Submarine cable system connecting Tonga with Fiji

Tonga Cable System is a submarine fiber-optic cable system connecting Tonga with Fiji, where it connects to other international networks. It is 827 km long and was activated in 2013. It has cable landing points at Sopu, a suburb of Nukuʻalofa in Tonga, and Suva, Fiji. The project was funded by Asian Development Bank and the World Bank.

An extension of the cable to Haʻapai and Vavaʻu was commissioned in April 2018.

==History==
On 20 January 2019, the cable broke and disrupted Internet services to Tonga. Satellite communications were used as a backup.

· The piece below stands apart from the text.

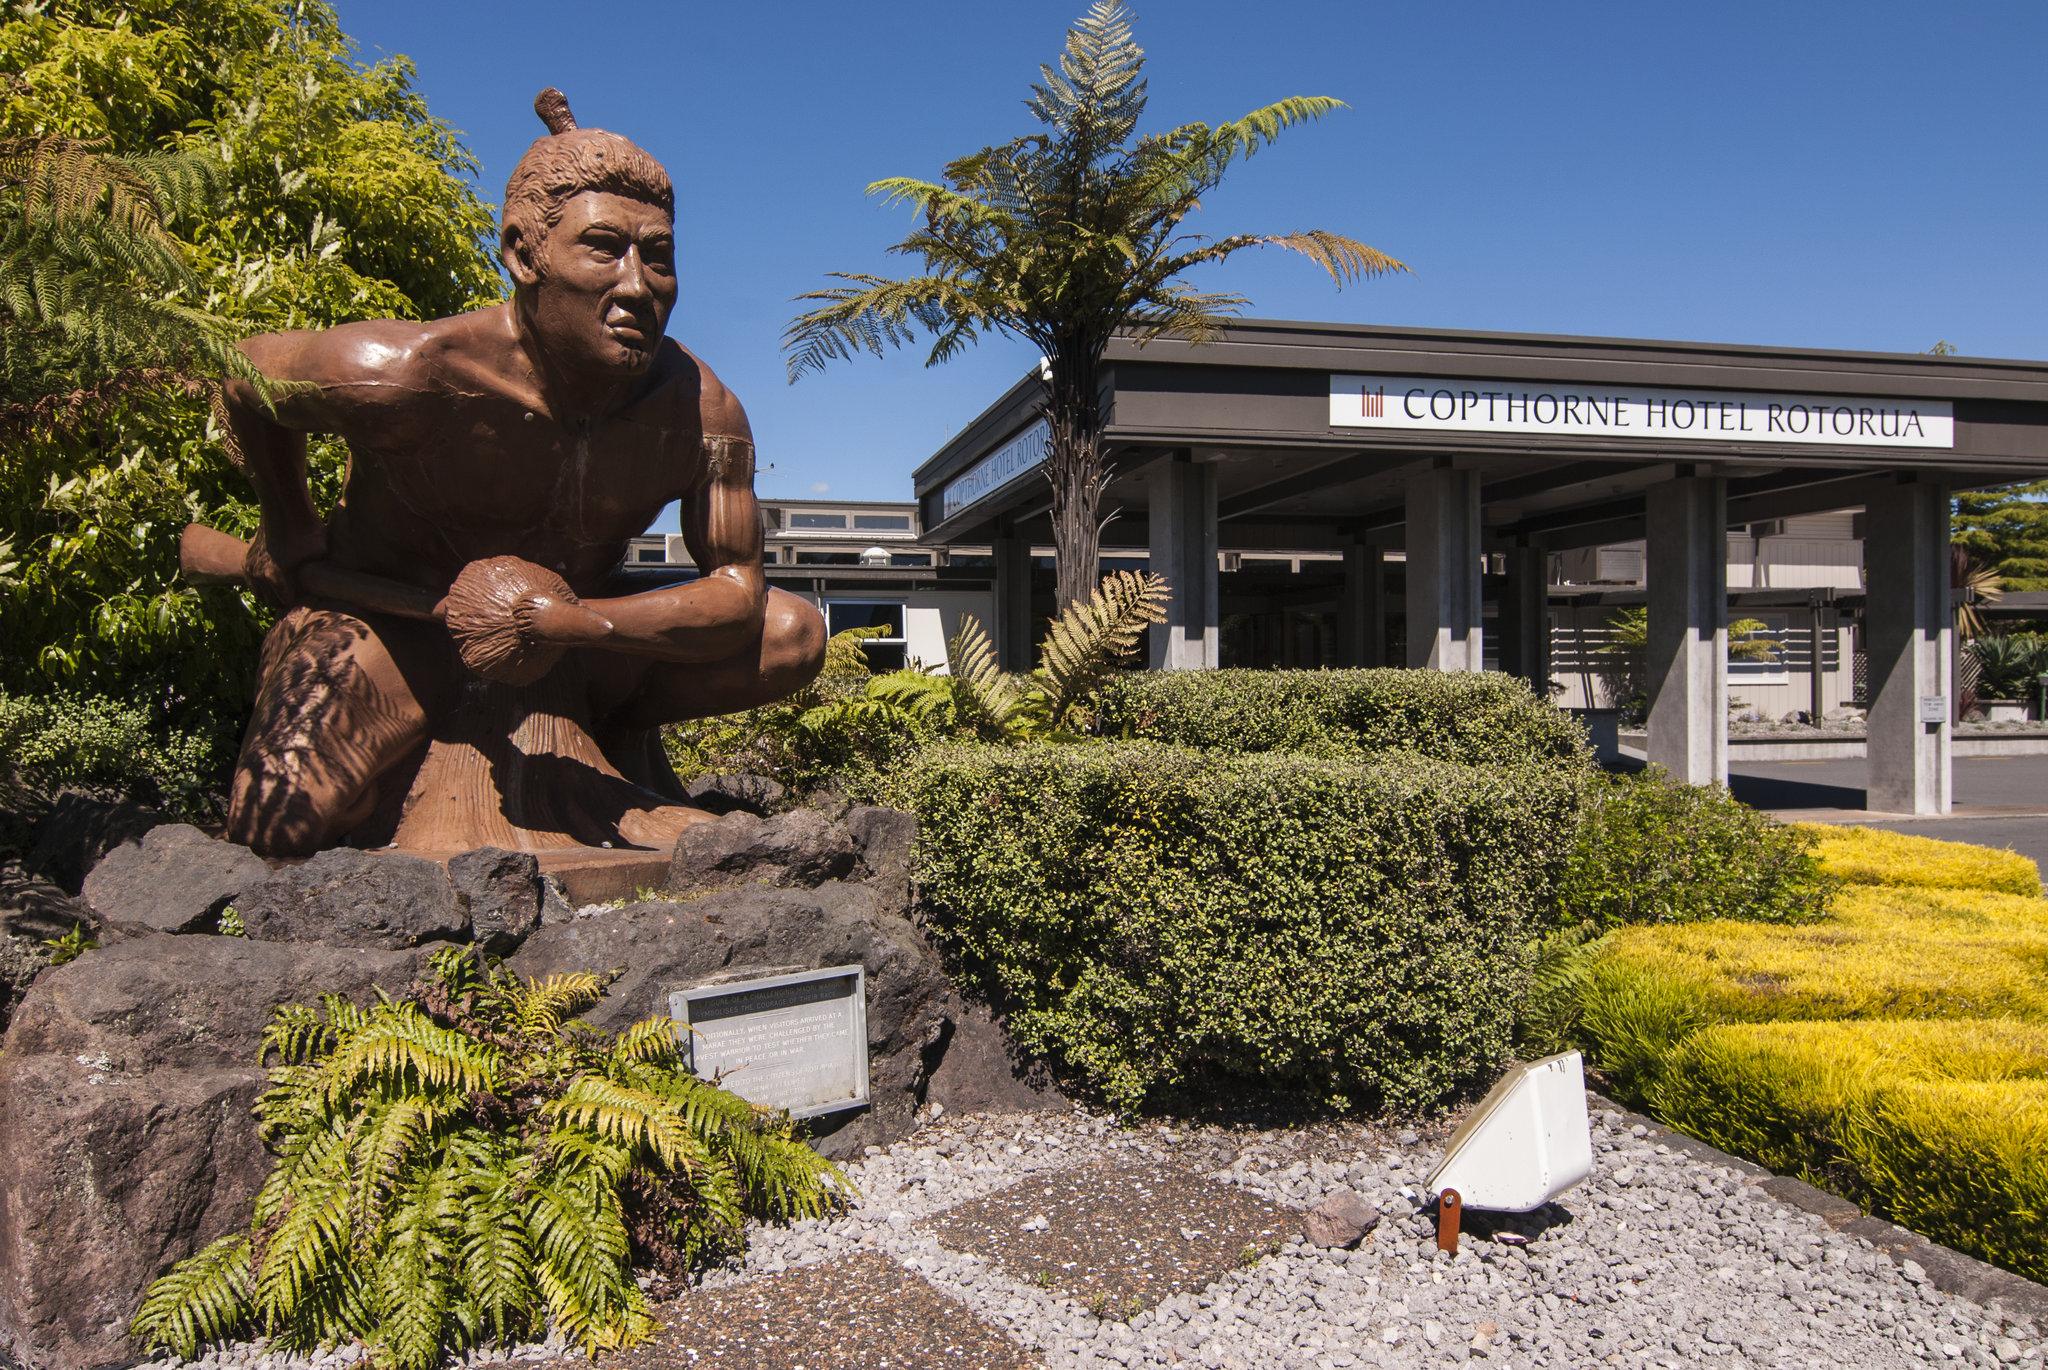 Copthorne Rotorua

Three years later, the 2022 Hunga Tonga–Hunga Ha'apai eruption disrupted it again. A specialist repair ship from SubCom could take days to get to the fault site, as it was deployed from Port Moresby in Papua New Guinea. It was expected to take at least two weeks to repair the system, assuming no new eruption affected the zone. Repair of the cable to Nukuʻalofa, of which 55 km had disappeared, presumed buried by an underwater avalanche, was completed on 21 February, with testing and recommissioning expected within 24 hours. The extension from Nukuʻalofa to Haʻapai and Vavaʻu remained damaged.